**TASK GOAL:** The reply needs the lines from the one containing "Des personnes âgées" through the end of the material, each repeated exactly, and no pictures.

**DATASET SECTION:**
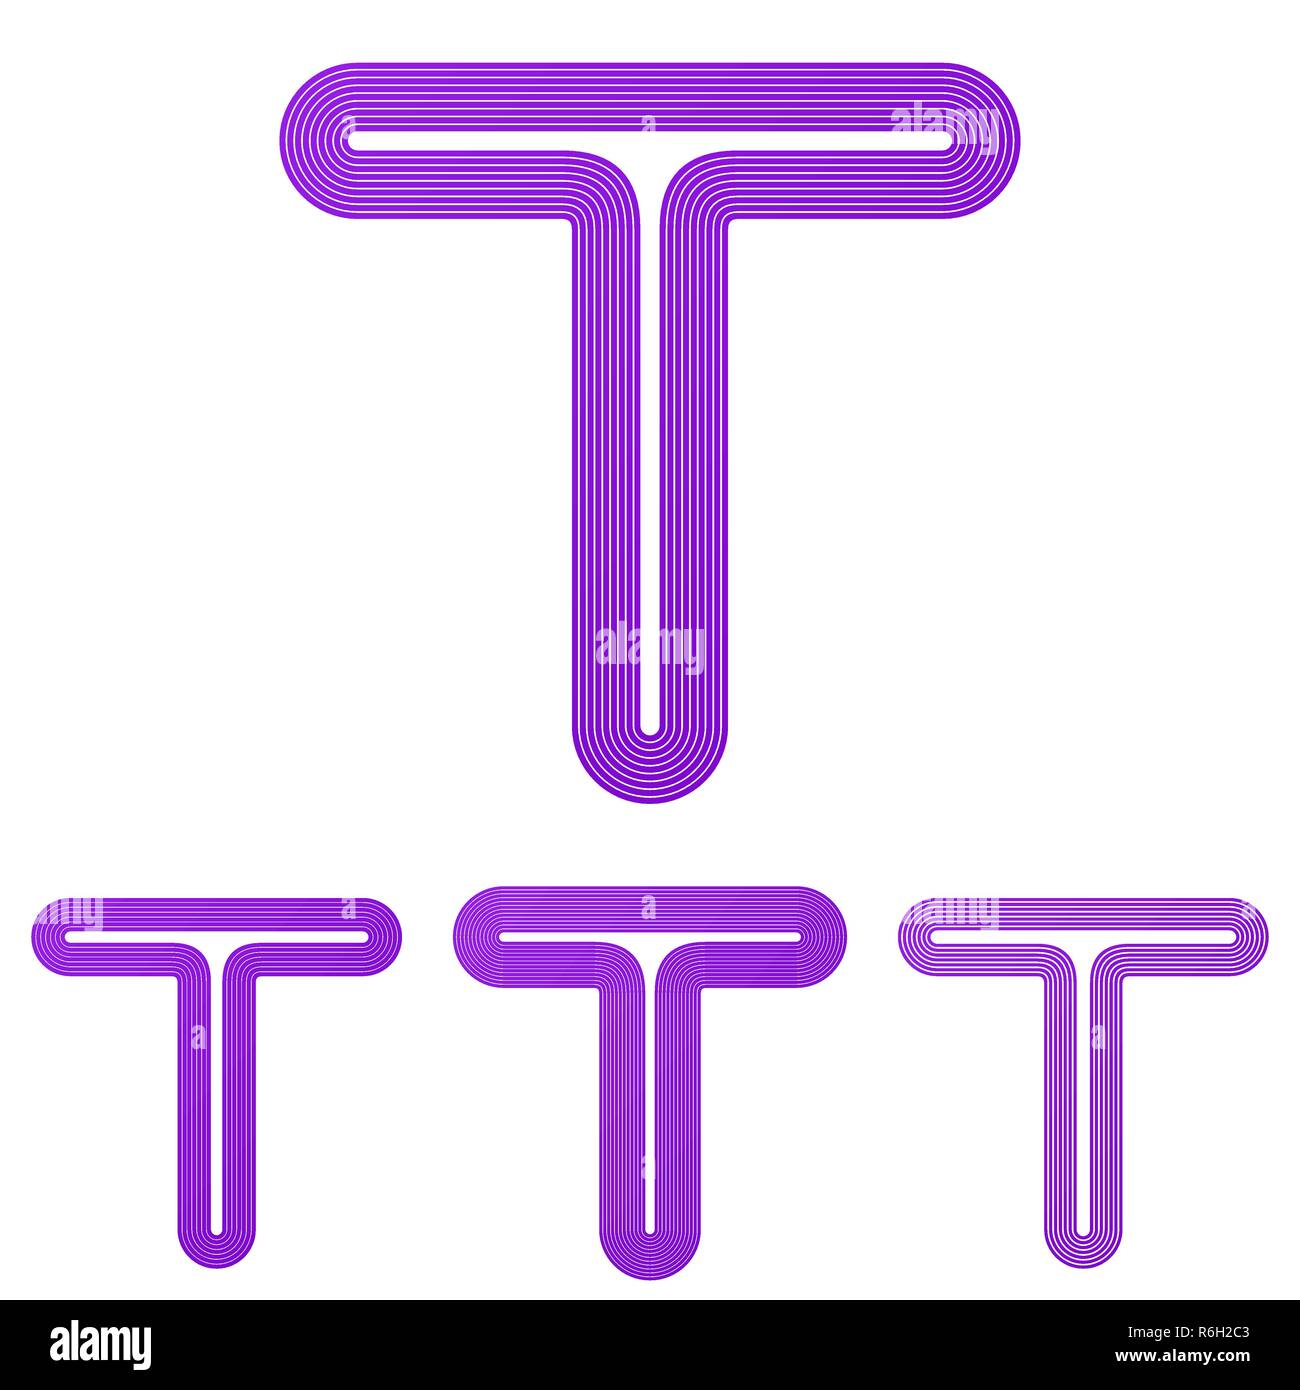 Purple t letter logo design set Stock Vector
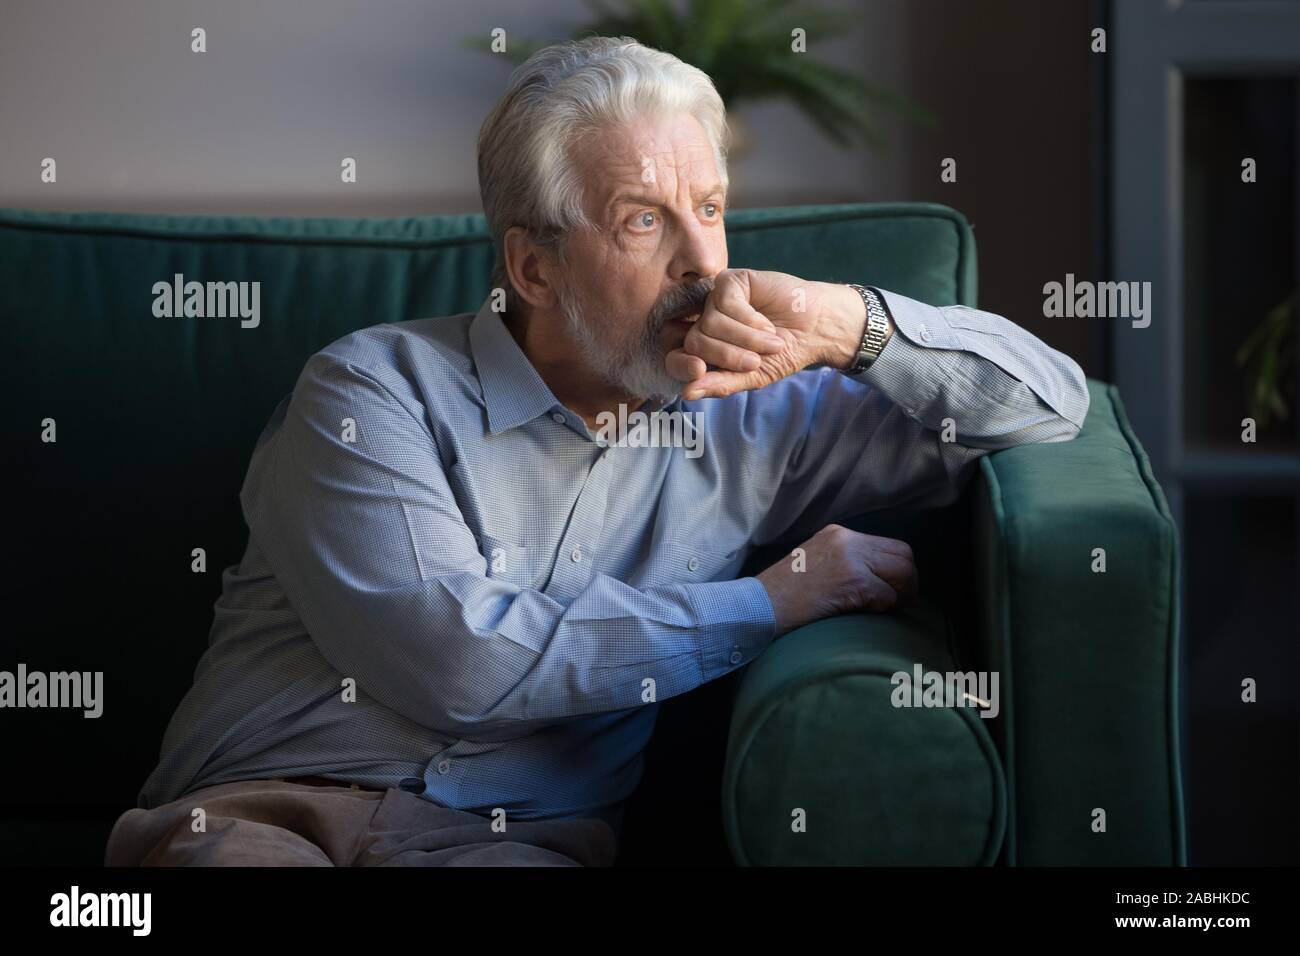 Des personnes âgées homme assis seul sur table sur des Pensées perdues Banque D'Images
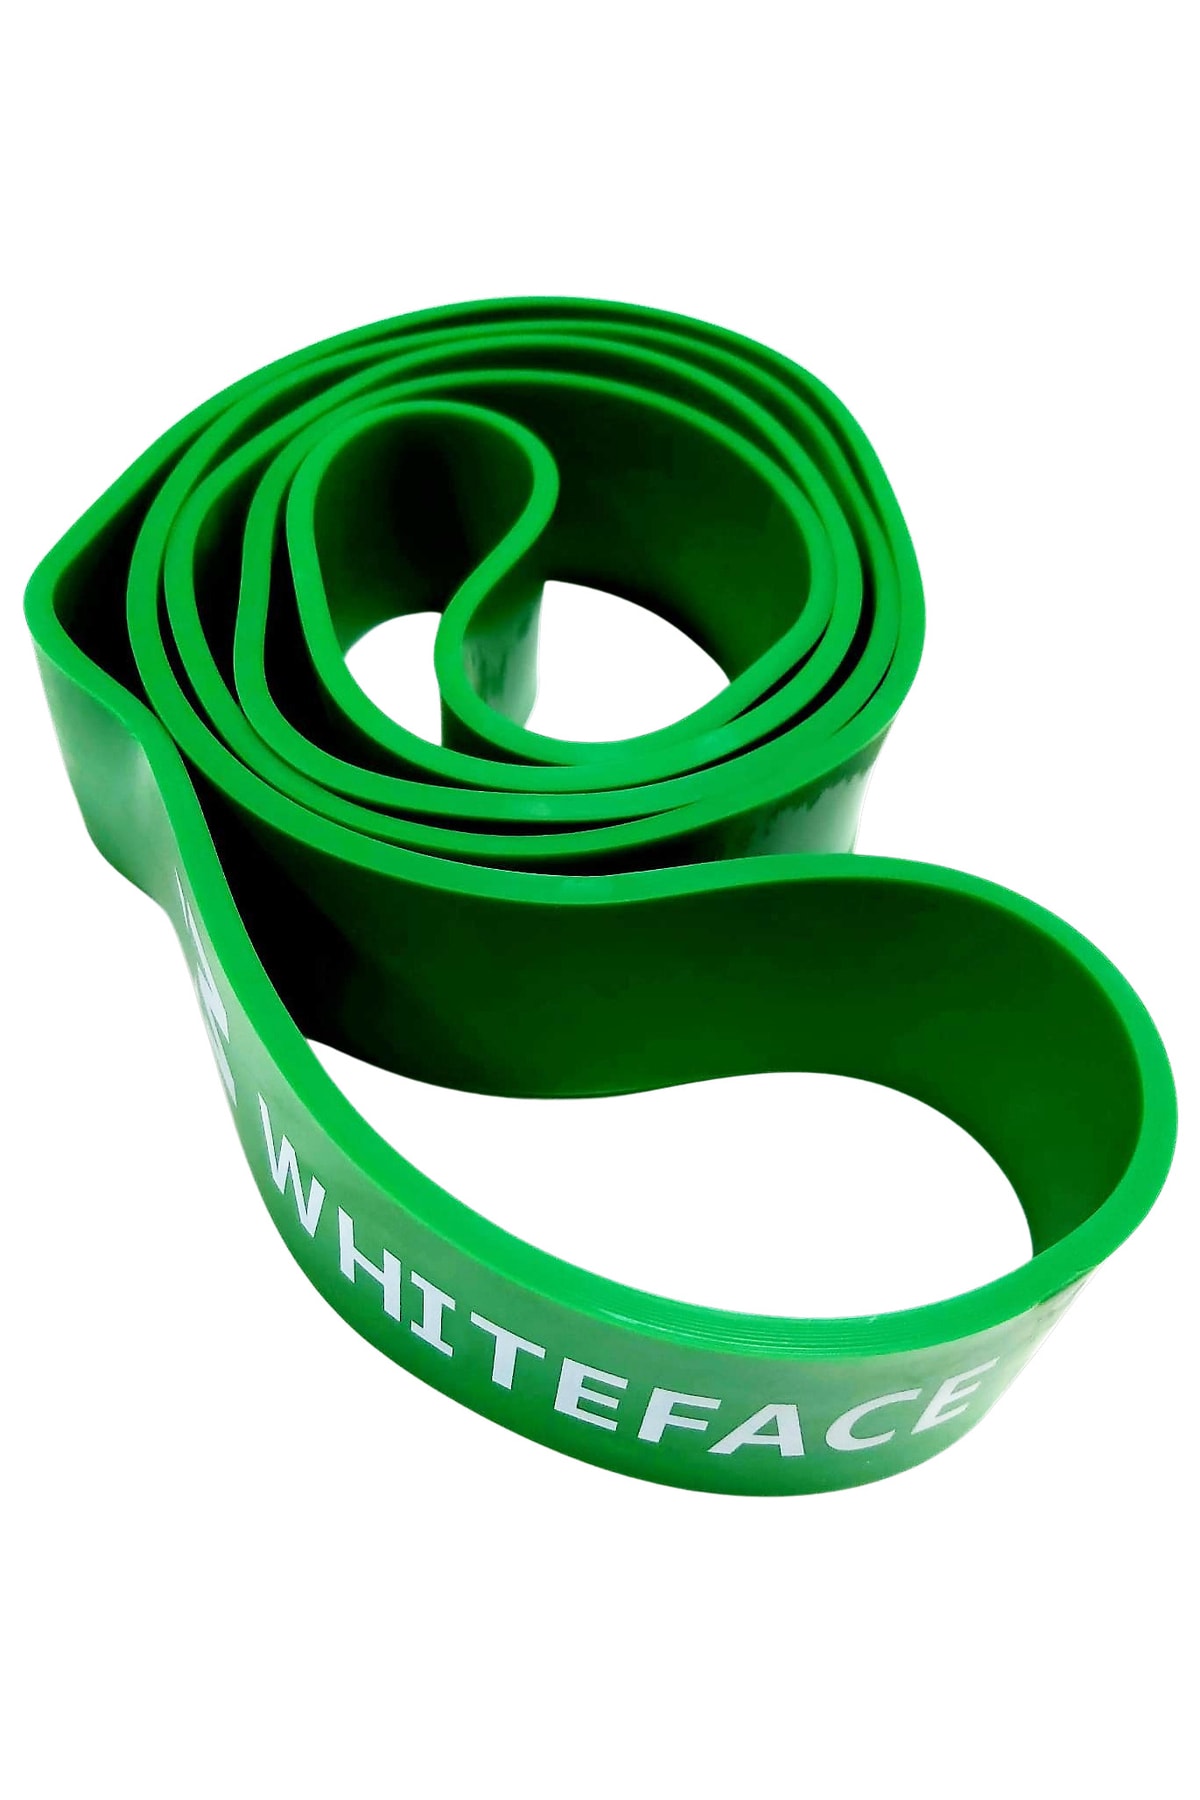 whiteface Direnç-Güç Lastiği Ultra-Sert 45mm Yeşil

**ANSWER TO THE PROBLEM:**
 Des personnes âgées homme assis seul sur table sur des Pensées perdues Banque D'Images
 whiteface Direnç-Güç Lastiği Ultra-Sert 45mm Yeşil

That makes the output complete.